[About this task]: From the line that contains "Men with flower beards" down to the final line below, please repeat each line exactly and nothing more, with no pictures.

BEGIN Available data

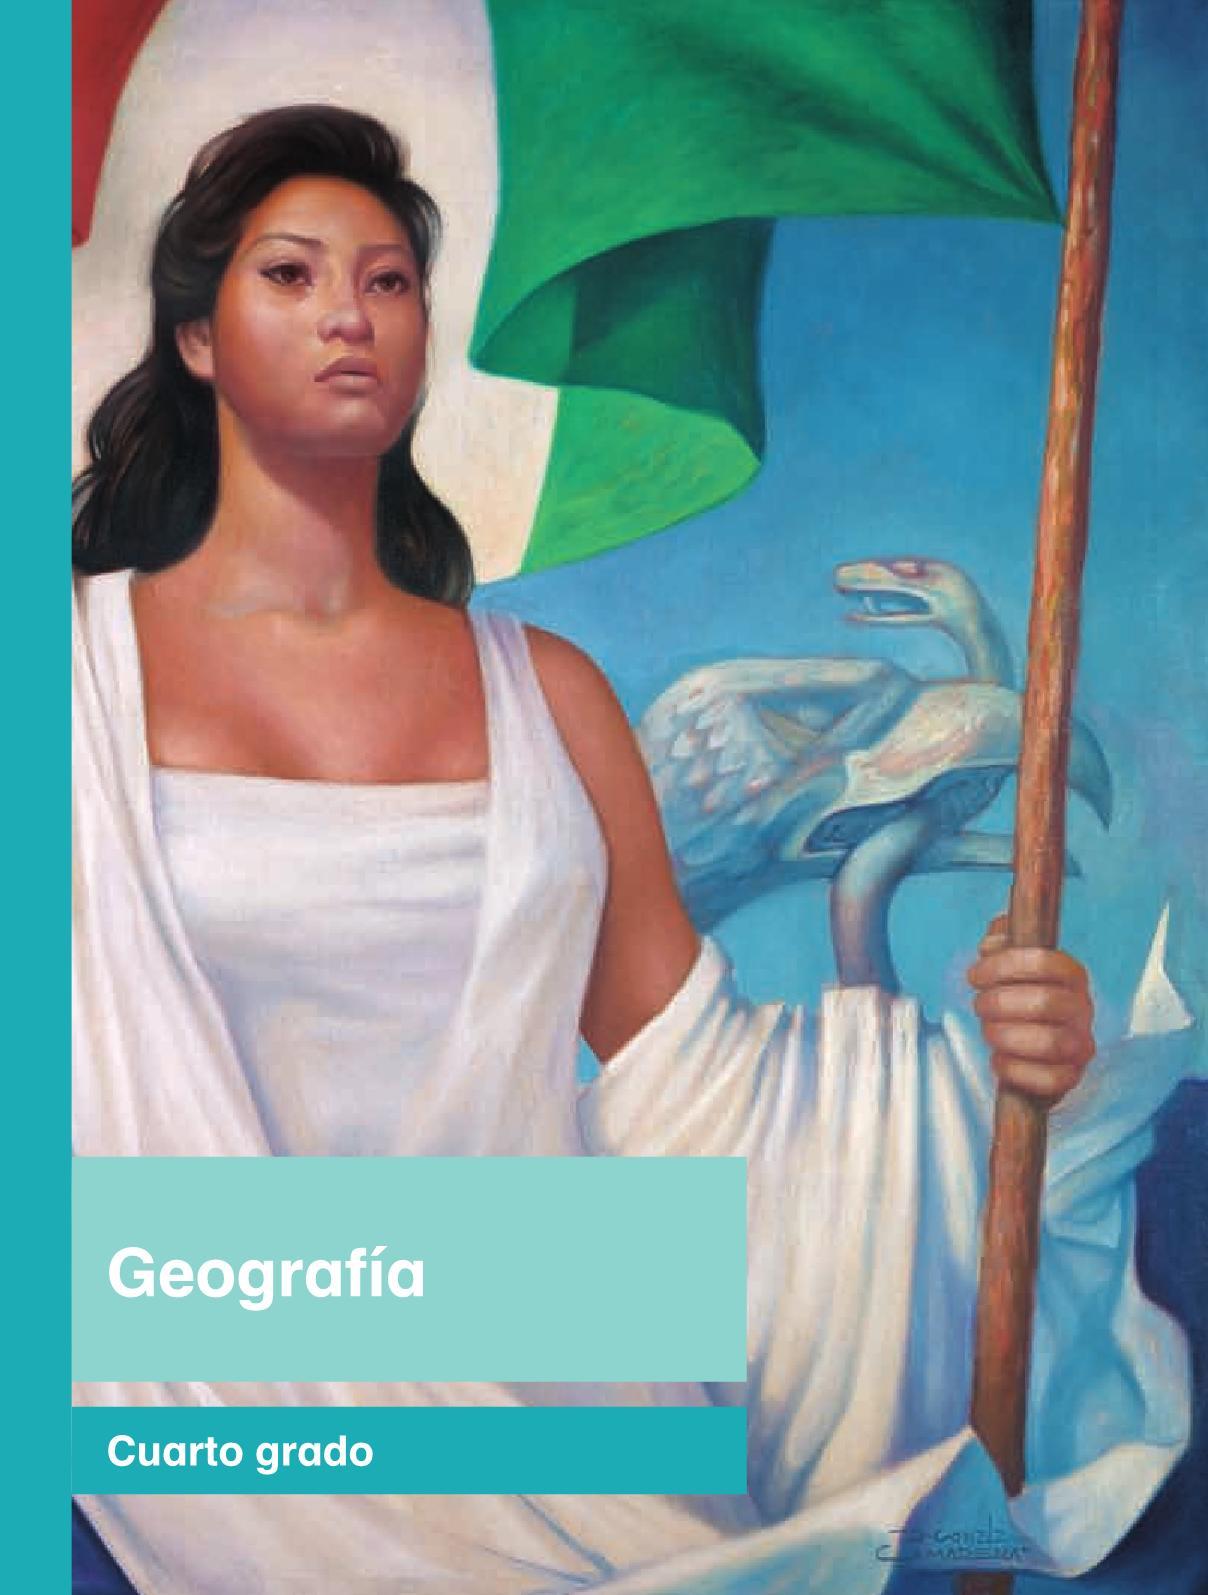 GeografiacuartoPagina 1
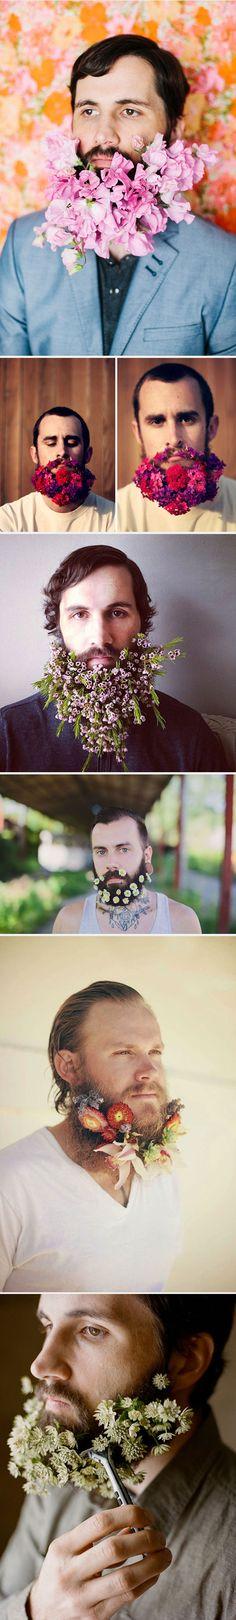 Men with flower beards
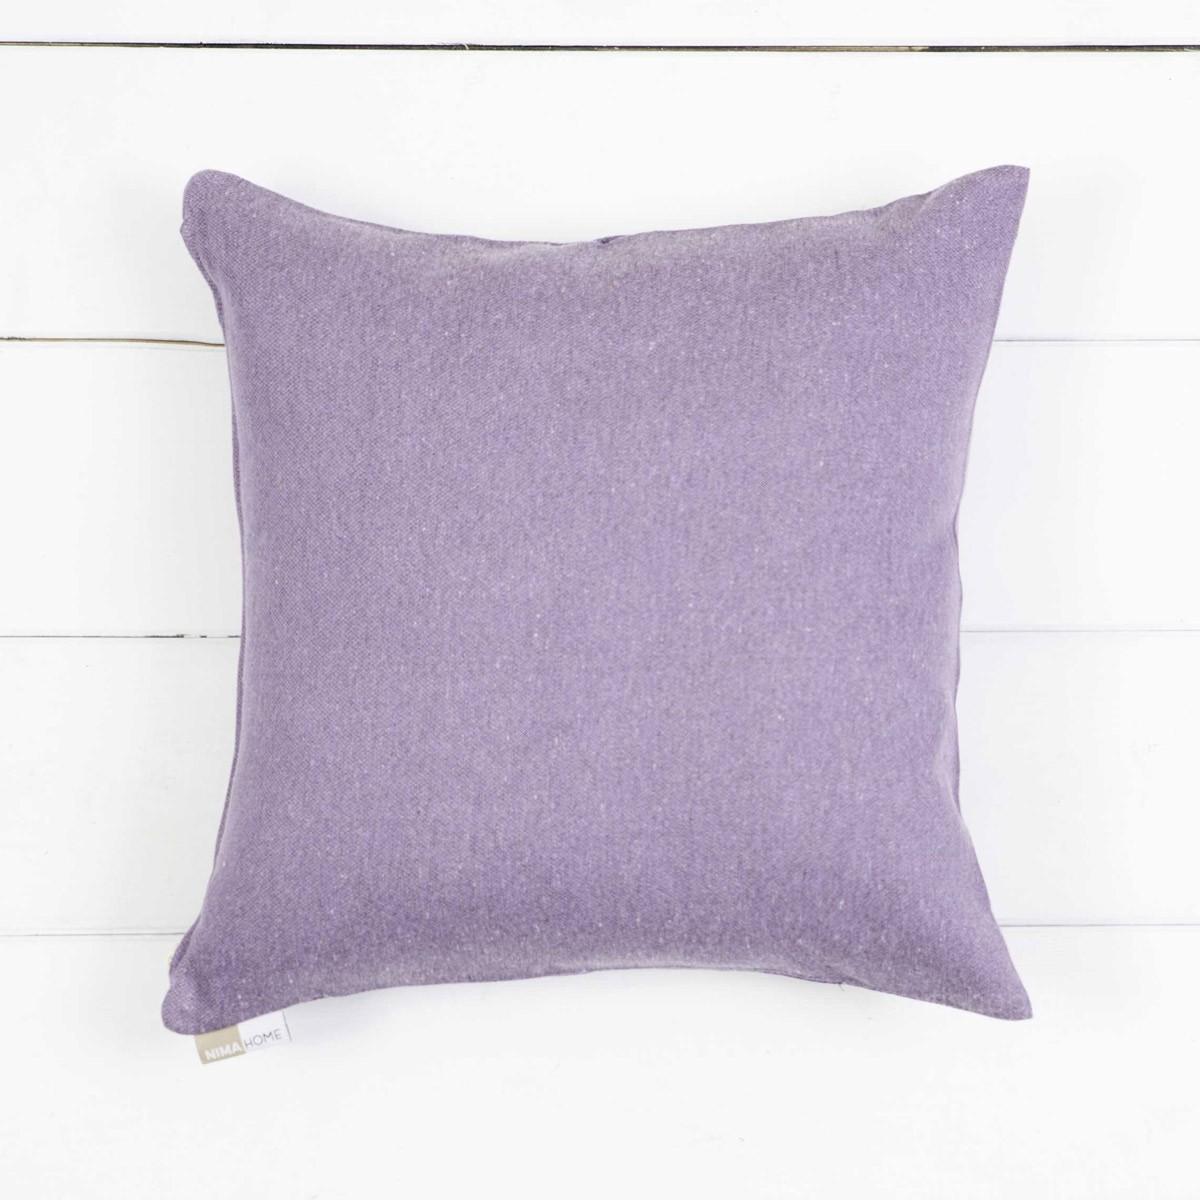 Διακοσμητική Μαξιλαροθήκη Nima Cushions Moreno Purple

END Available data

[The completed task]:
 Men with flower beards
 Διακοσμητική Μαξιλαροθήκη Nima Cushions Moreno Purple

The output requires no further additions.